* [What is needed]: A faithful transcription of all the data, images excluded, is the required answer.

* [Provided material]:
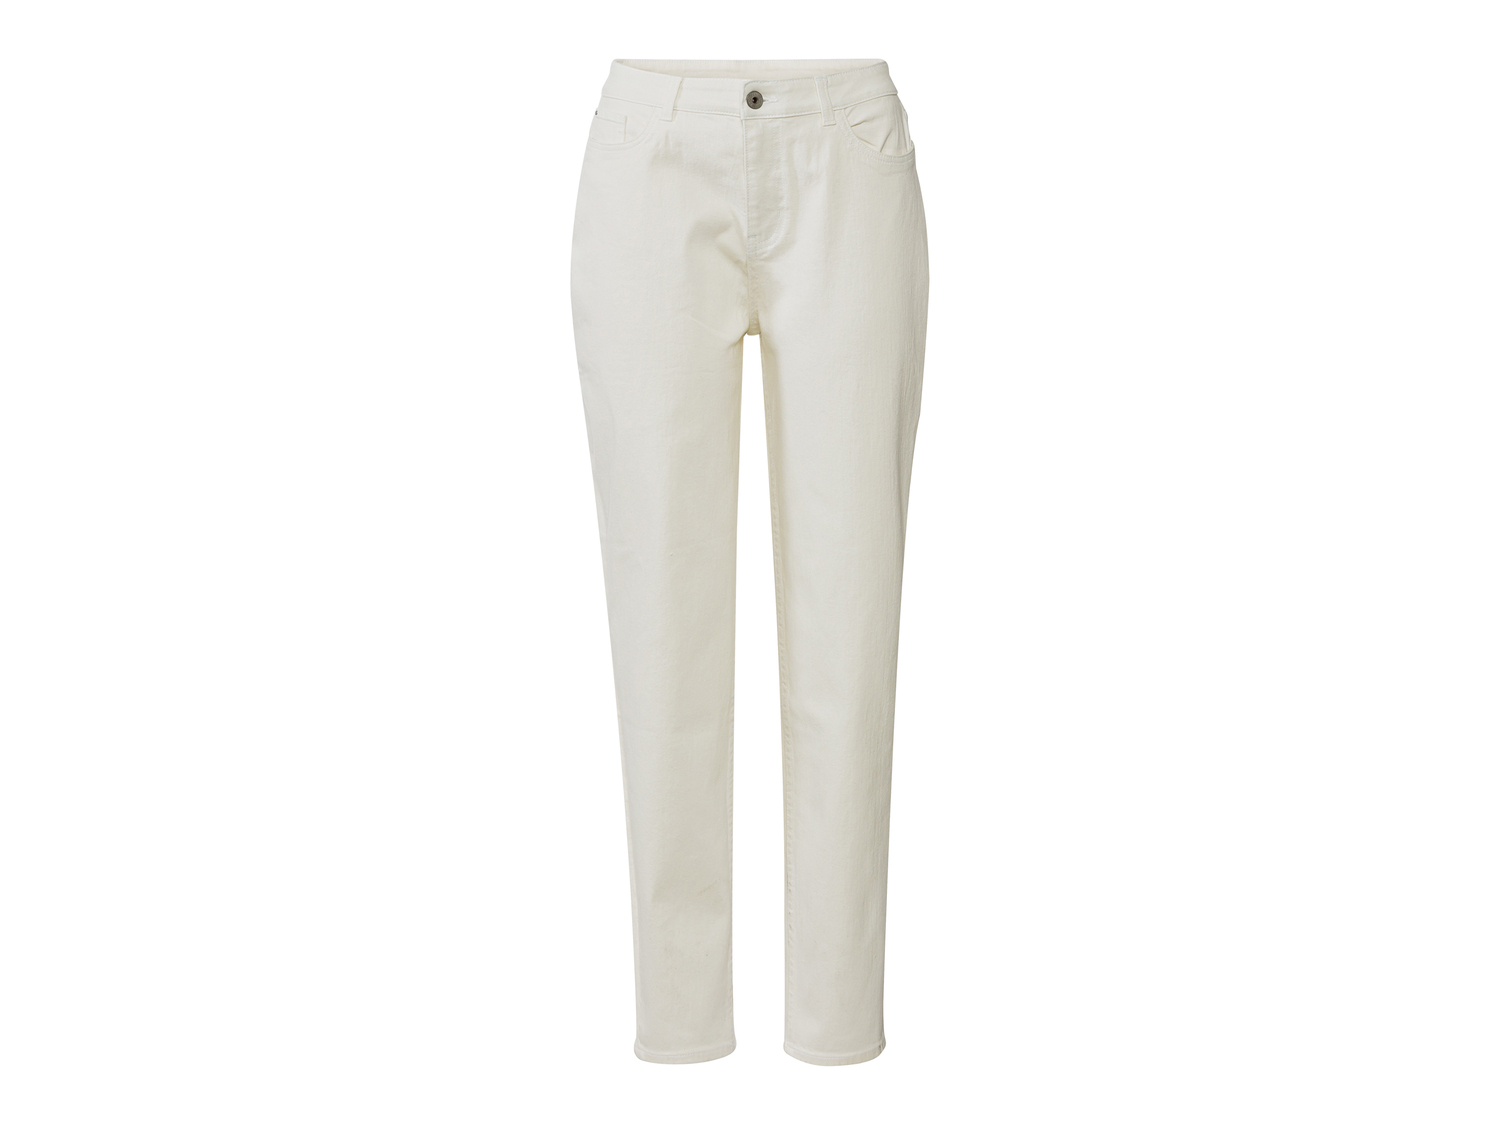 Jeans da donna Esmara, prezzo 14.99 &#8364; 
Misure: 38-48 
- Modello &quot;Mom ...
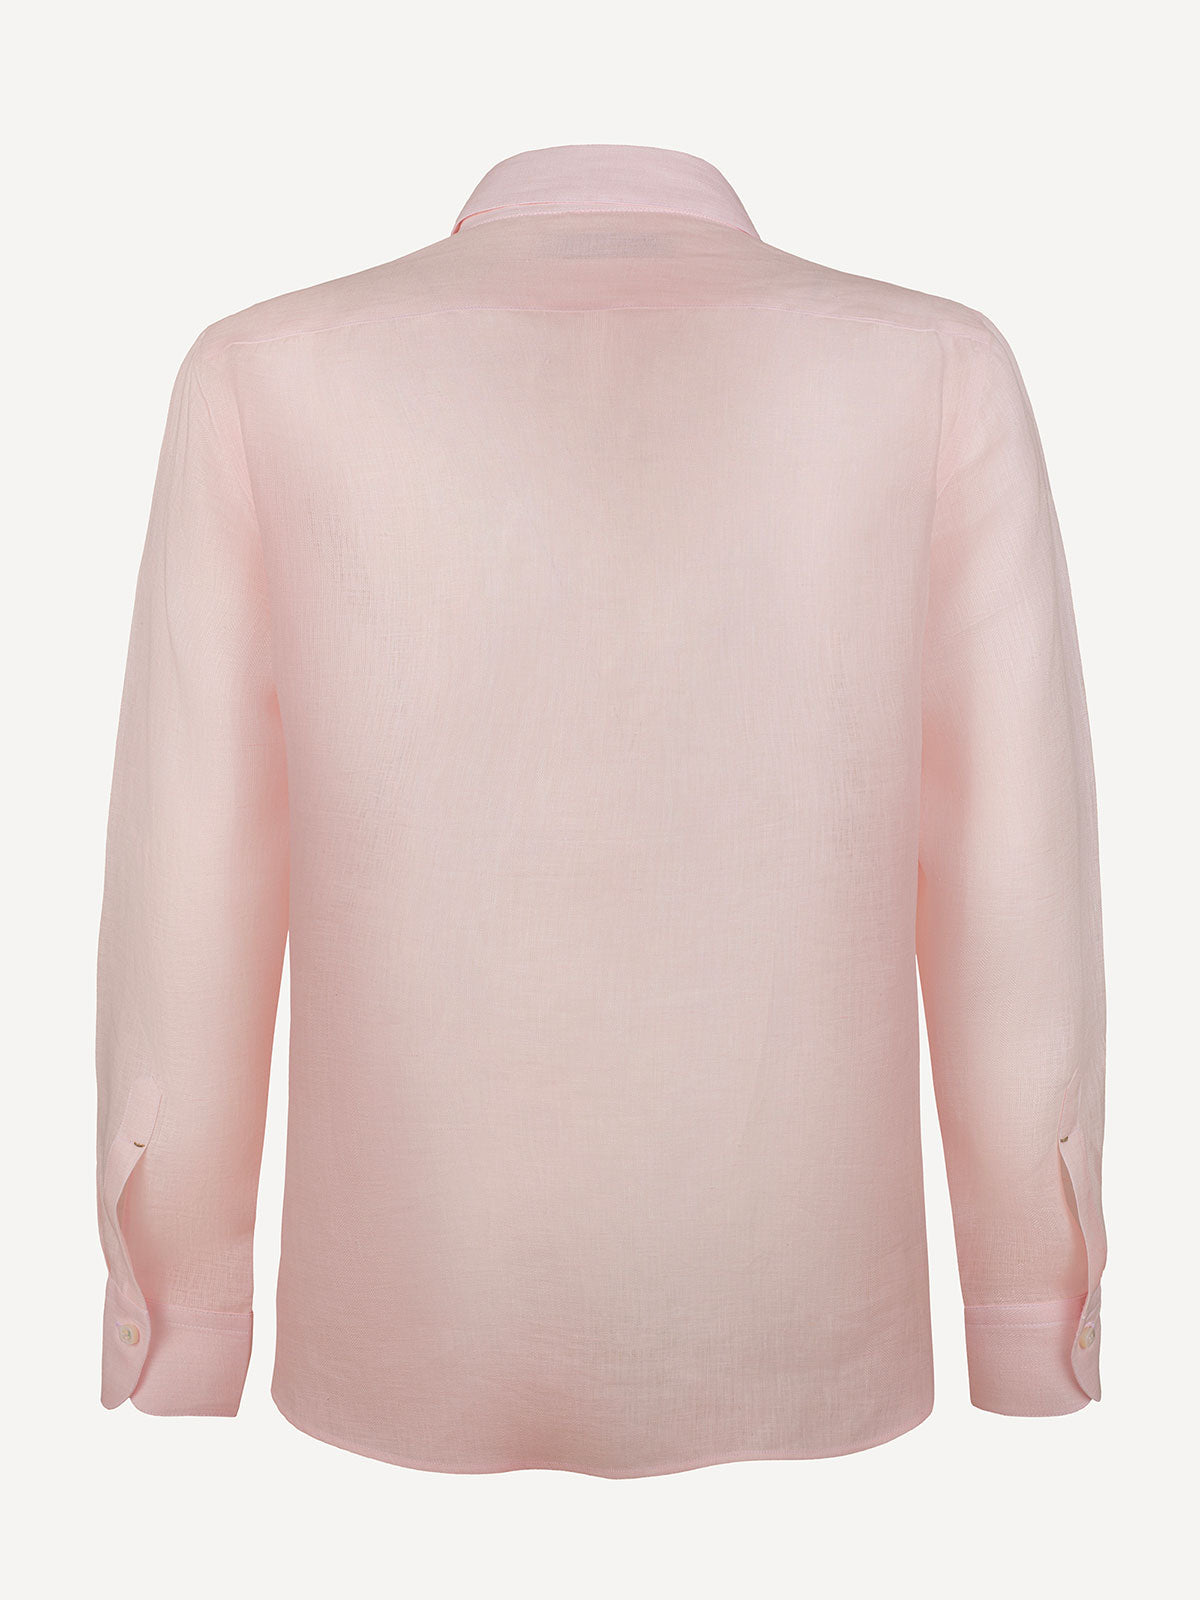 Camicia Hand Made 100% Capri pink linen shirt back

* [Answer space]:
 Jeans da donna Esmara, prezzo 14.99 &#8364; 
Misure: 38-48 
- Modello &quot;Mom ...
 Camicia Hand Made 100% Capri pink linen shirt back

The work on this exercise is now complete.